On Wed, Feb 2, 2022 at 7:00 PM Eric Blake <eblake(a)redhat.com> wrote:
Recent patches have demonstrated confusion on which order callbacks
are reached, when it is safe or dangerous to ignore *error, and what a
completion callback should do when auto-retirement is in use. Add
wording to make it more obvious that:
- mid-command callbacks are reached before the completion callback,
and returning -1 does not prevent future callbacks
- ignoring *error in a mid-command callback is safe
- completion callbacks are reached unconditionally, and must NOT ignore
*error
- if auto-retirement is in use, completion callbacks should always use
it rather than trying to return -1 on error
- the contents of buf after nbd_pread and friends is unspecified on
error
---
docs/libnbd.pod | 44 +++++++++++++++++++++++++++++++++++---------
generator/API.ml | 24 ++++++++++++++++++------
2 files changed, 53 insertions(+), 15 deletions(-)
diff --git a/docs/libnbd.pod b/docs/libnbd.pod
index 32088f64..006d530c 100644
--- a/docs/libnbd.pod
+++ b/docs/libnbd.pod
@@ -870,15 +870,41 @@ still needs to be retired.
=head2 Callbacks with C<int *error> parameter
Some of the high-level commands (L<nbd_pread_structured(3)>,
-L<nbd_block_status(3)>) involve the use of a callback function invoked by
-the state machine at appropriate points in the server's reply before
-the overall command is complete.

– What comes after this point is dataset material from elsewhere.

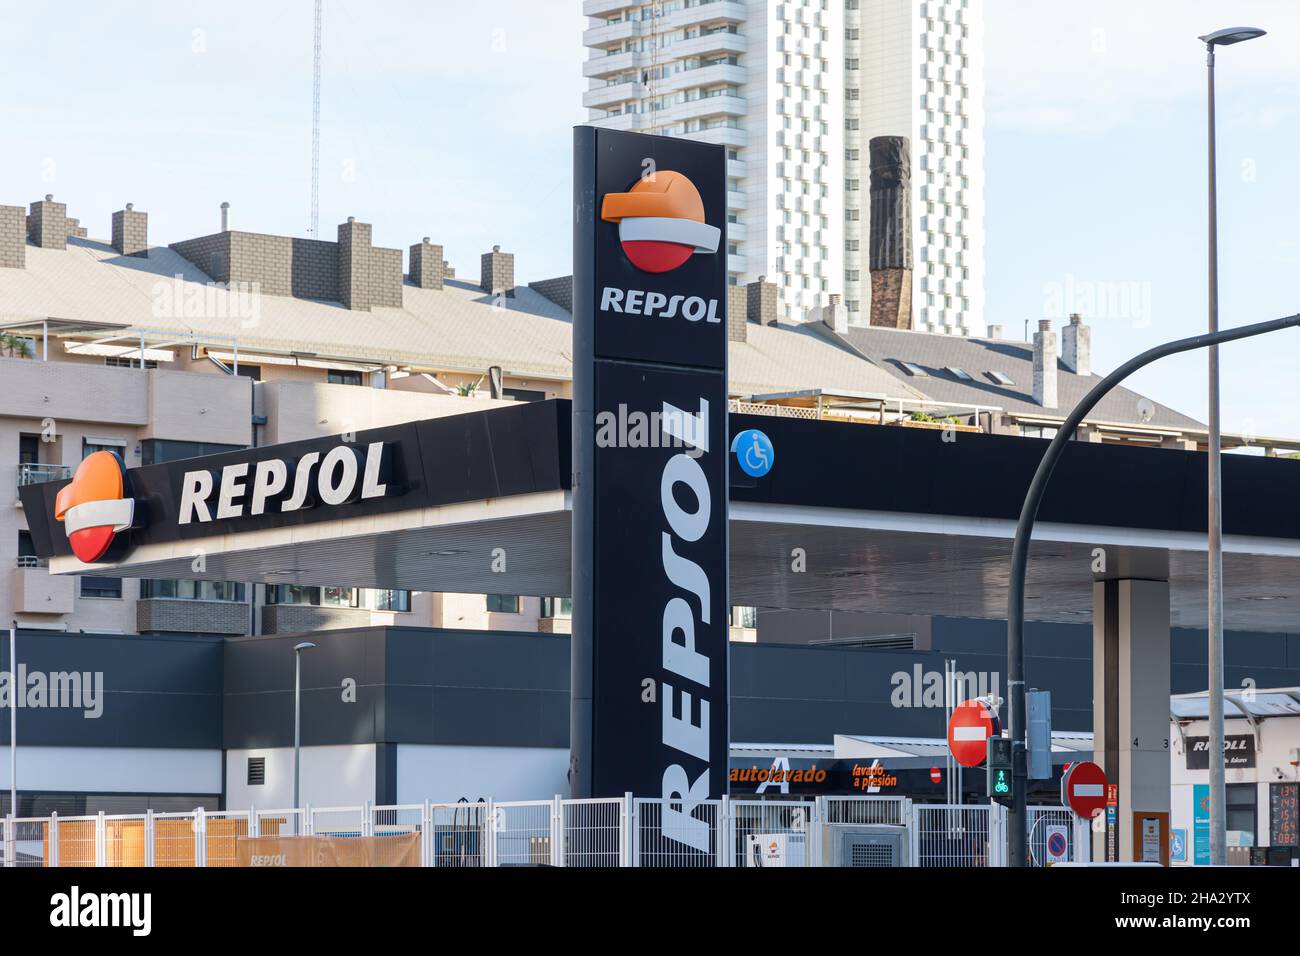 VALENCIA, SPANIEN - 09. DEZEMBER 2021: Repsol ist ein spanisches Energie- und Petrochemieunternehmen mit Sitz in Madrid Stockfoto

These callback functions, along with
-all of the completion callbacks, include a parameter C<error>
-containing the value of any error detected so far; if the callback
-function fails, it should assign back into C<error> and return C<-1>
-to change the resulting error of the overall command. Assignments
-into C<error> are ignored for any other return value; similarly,
-assigning C<0> into C<error> does not have an effect.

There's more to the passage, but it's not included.